На звук голосов заглянула Тамара. Охая и приговаривая, она помогла Жене уложить Дарью обратно в постель, укутала её потеплее, но Дарья опять выбралась из-под одеяла и вцепилась нянечке в руки.
– Чего ты пришла? Я тебя звала, ведьма старая?! Думаешь, не слыхала, как ты с монастырскими бабами языком треплешь, как меня из мёртвой утробы вытаскивали? Как нет никого у меня и скоро мне помирать? Жалобишься, злая жаба! За три стены сплетни твои поганые слышу, прочь от меня, перебайщица тошная, базарное ботало, прочь!
– Что ты, милая! – перекрестилась Тамара и на силу вырвалась от неё. Дарья подалась всем телом вперёд и закричала так, что на шее вспучились жилы.
– Зачем спасли меня! Мёртвое к мёртвому! На четырнадцатый год я должны была в землю лечь!
– Тамара, она не в себе! Отца позови, да скорее! – Женя схватила её и прижала к подушкам. Споткнувшись о порог, Тамара выскочила из комнаты и плотно закрыла дверь. Лютая злоба из сердца отхлынула, и Дарья бессильно осела в руках и заревела белугой.
– А ты спасла меня, Женечка!

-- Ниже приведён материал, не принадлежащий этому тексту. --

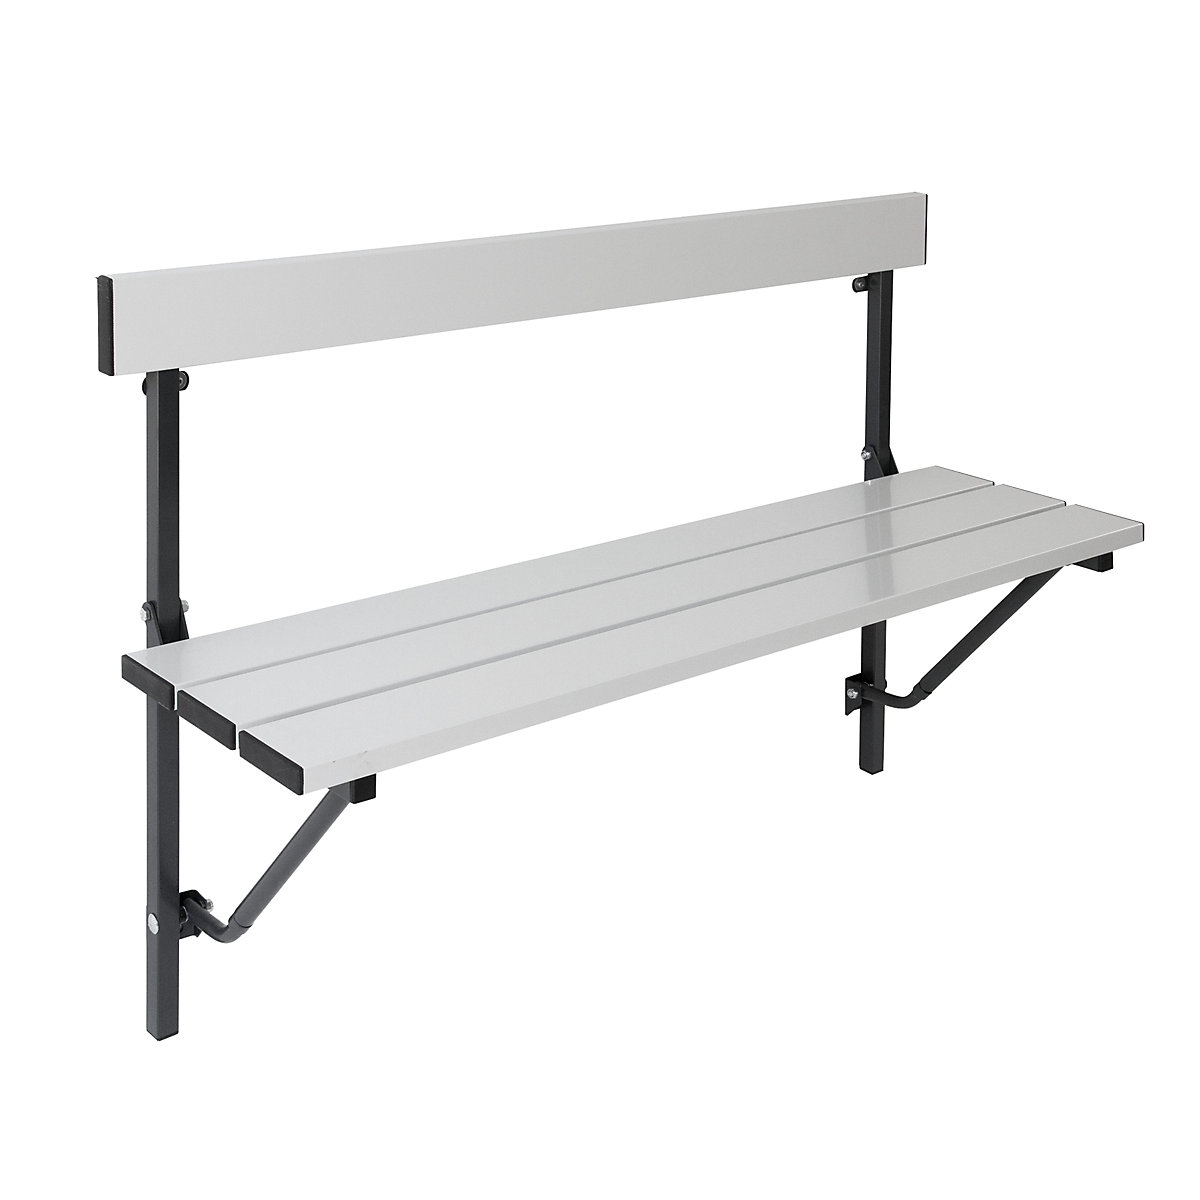 Folding wall-mounted bench – Sypro, folding, fixed length 1200 mm, with aluminium slats-2

Таблетками отпоила, вытащила с того света! Страшно мне, что-то со мной происходит, что-то плохое, Женечка!
Она схватила Женю за голову и горячо зачастила в испуганные глаза.
– Я голоса слышу чужие. Зайду в комнату и мне чудится – кто-то шепчет, бормочет, в пустой комнате-то. Мимо кладбища монастырского ходить не могу – кажется, ко мне умершие тянутся, кличут, о прошлом рассказывают. О себе всё рассказывают! И птицы за мной, караулят чего-то, чёрные вороны! Тело хотят мне исклевать!
– Что же ты, Дашенька, всё это видишь? – ощупала Женя лоб тёплой рукой.
– А ты не видишь? Ты не слышишь ничего никогда? – Дашутка схватила её за руку и сжала так, что Женя скривилась от боли. Тут же из глаз Дарьи хлынули слёзы. – Я больше так не могу! Тебя нет и нет, и нет, и нет, и нет! Ты в караванах, в разъездах, на юге, на севере, на востоке, по всему свету мечешься, а я одна со своими кошмарами, с чудищами, я здесь! Скажи, что ты их тоже слышишь! Скажи, что ты видишь их! Ты сестра моя, ближе тебя у меня никого нет!